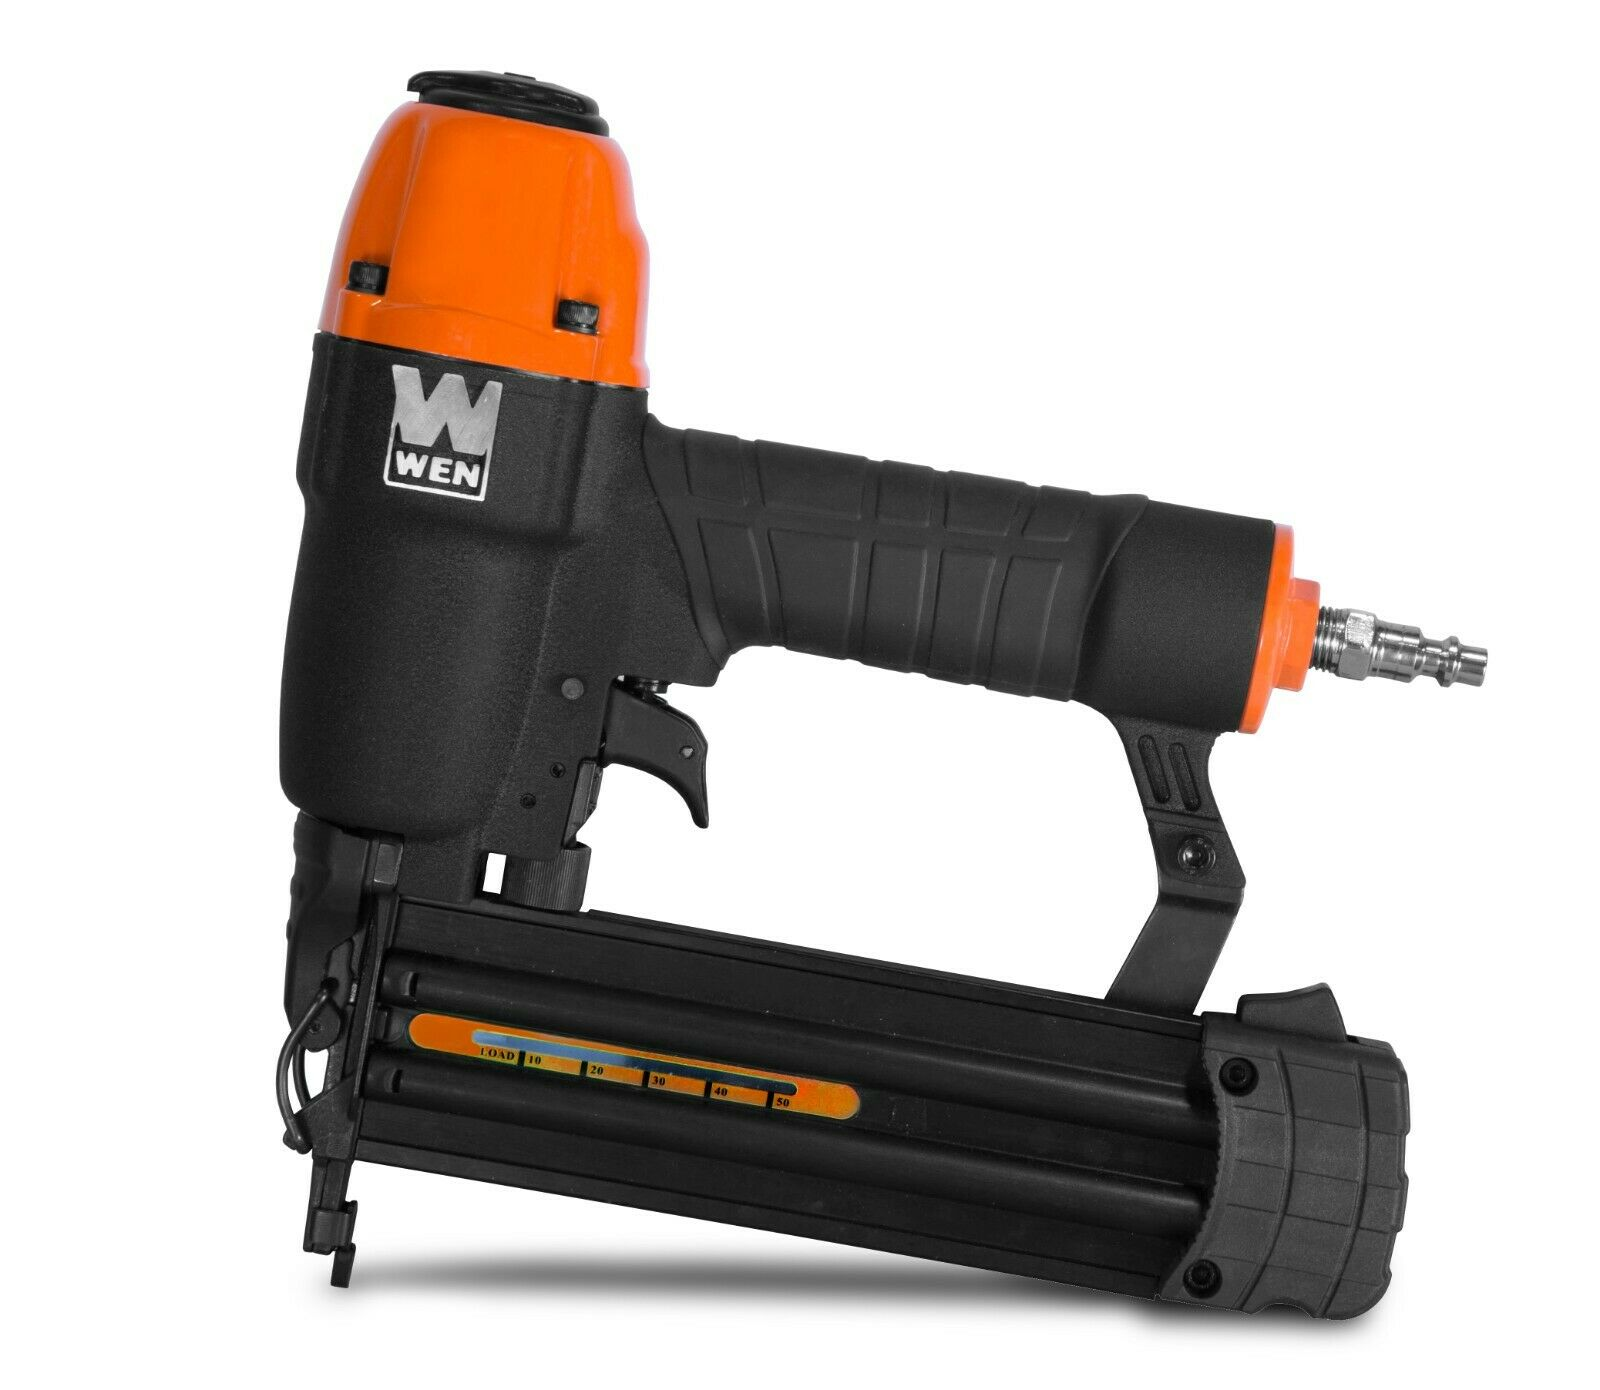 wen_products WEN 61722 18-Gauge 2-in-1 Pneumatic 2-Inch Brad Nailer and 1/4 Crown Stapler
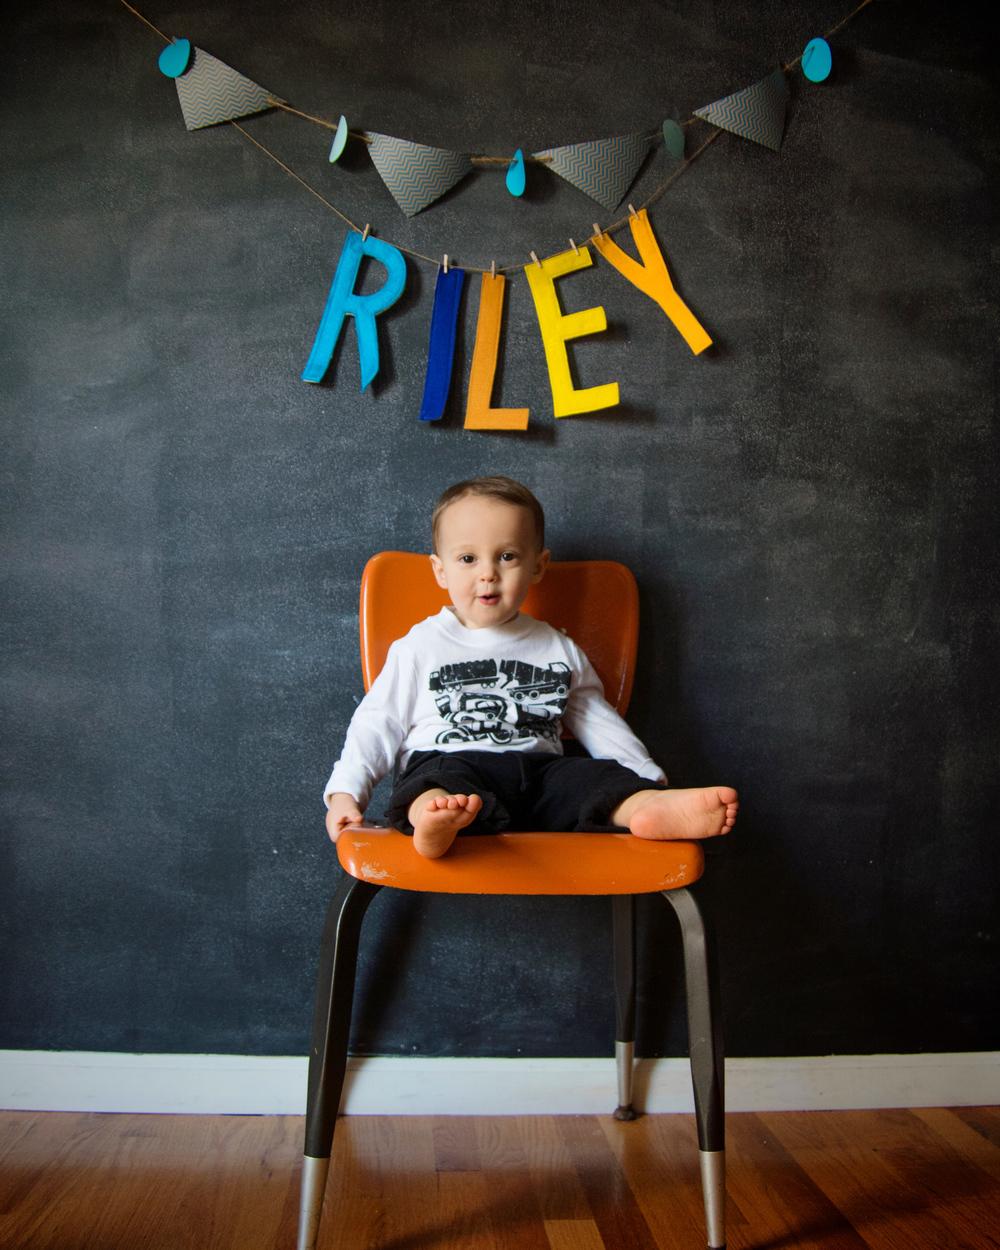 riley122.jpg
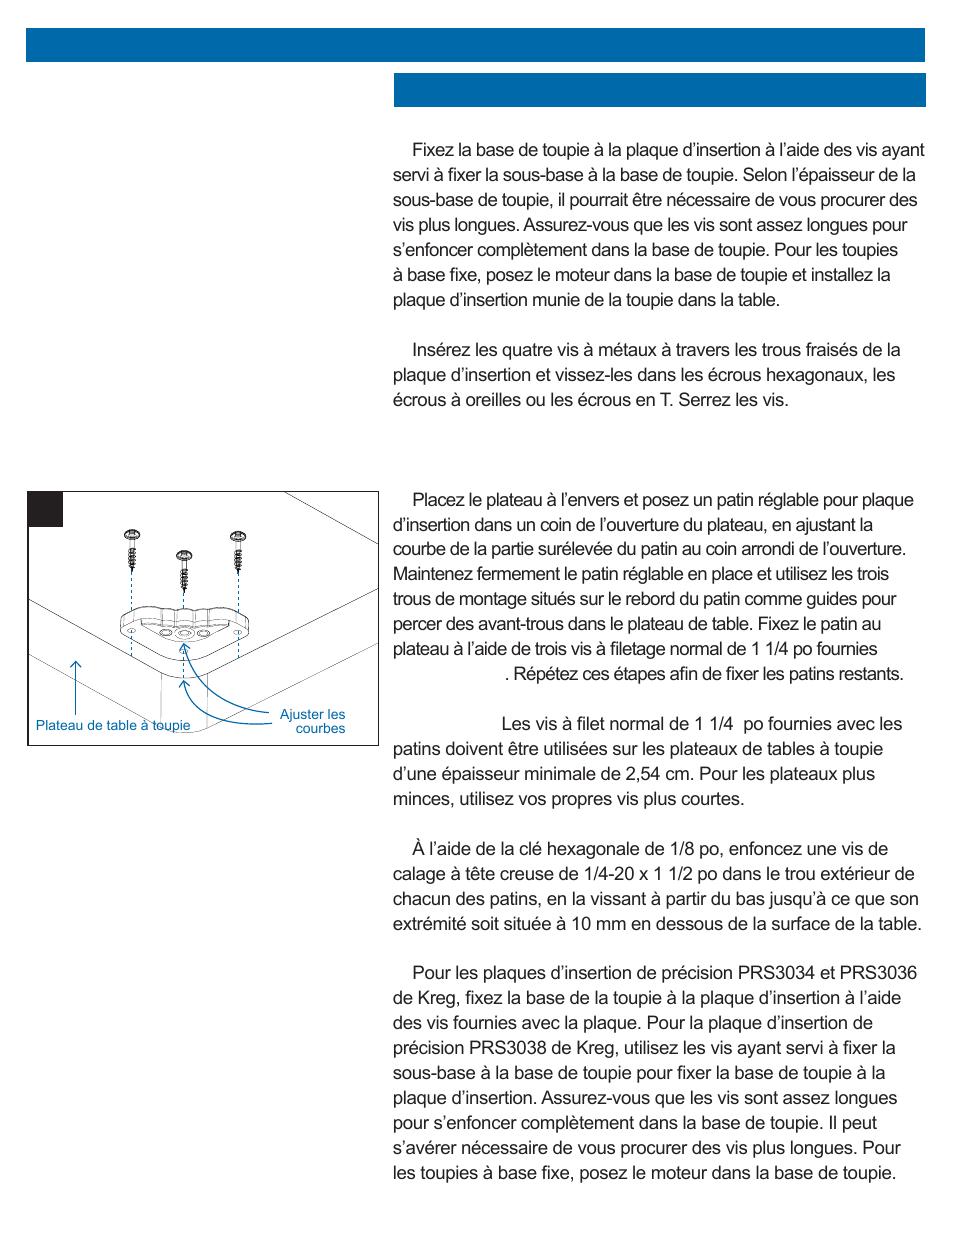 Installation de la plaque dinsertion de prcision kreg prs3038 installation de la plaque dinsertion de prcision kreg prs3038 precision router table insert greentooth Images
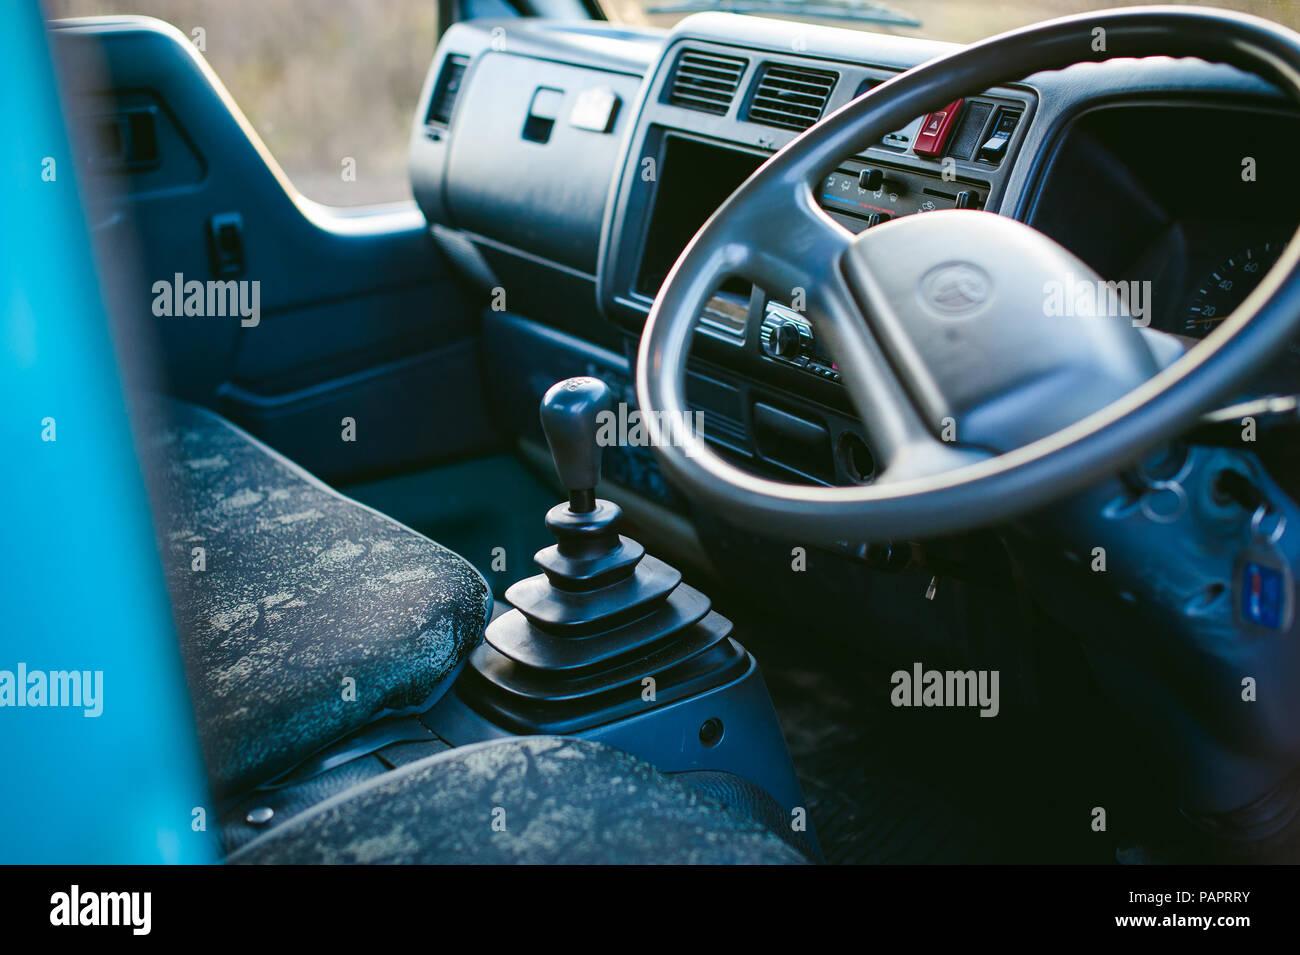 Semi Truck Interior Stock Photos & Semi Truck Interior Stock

[Task goal] The material shown above is to be repeated verbatim, and its pictures are to be omitted.

[Answer section]
 wen_products WEN 61722 18-Gauge 2-in-1 Pneumatic 2-Inch Brad Nailer and 1/4 Crown Stapler
 riley122.jpg
 Installation de la plaque dinsertion de prcision kreg prs3038 installation de la plaque dinsertion de prcision kreg prs3038 precision router table insert greentooth Images
 Semi Truck Interior Stock Photos & Semi Truck Interior Stock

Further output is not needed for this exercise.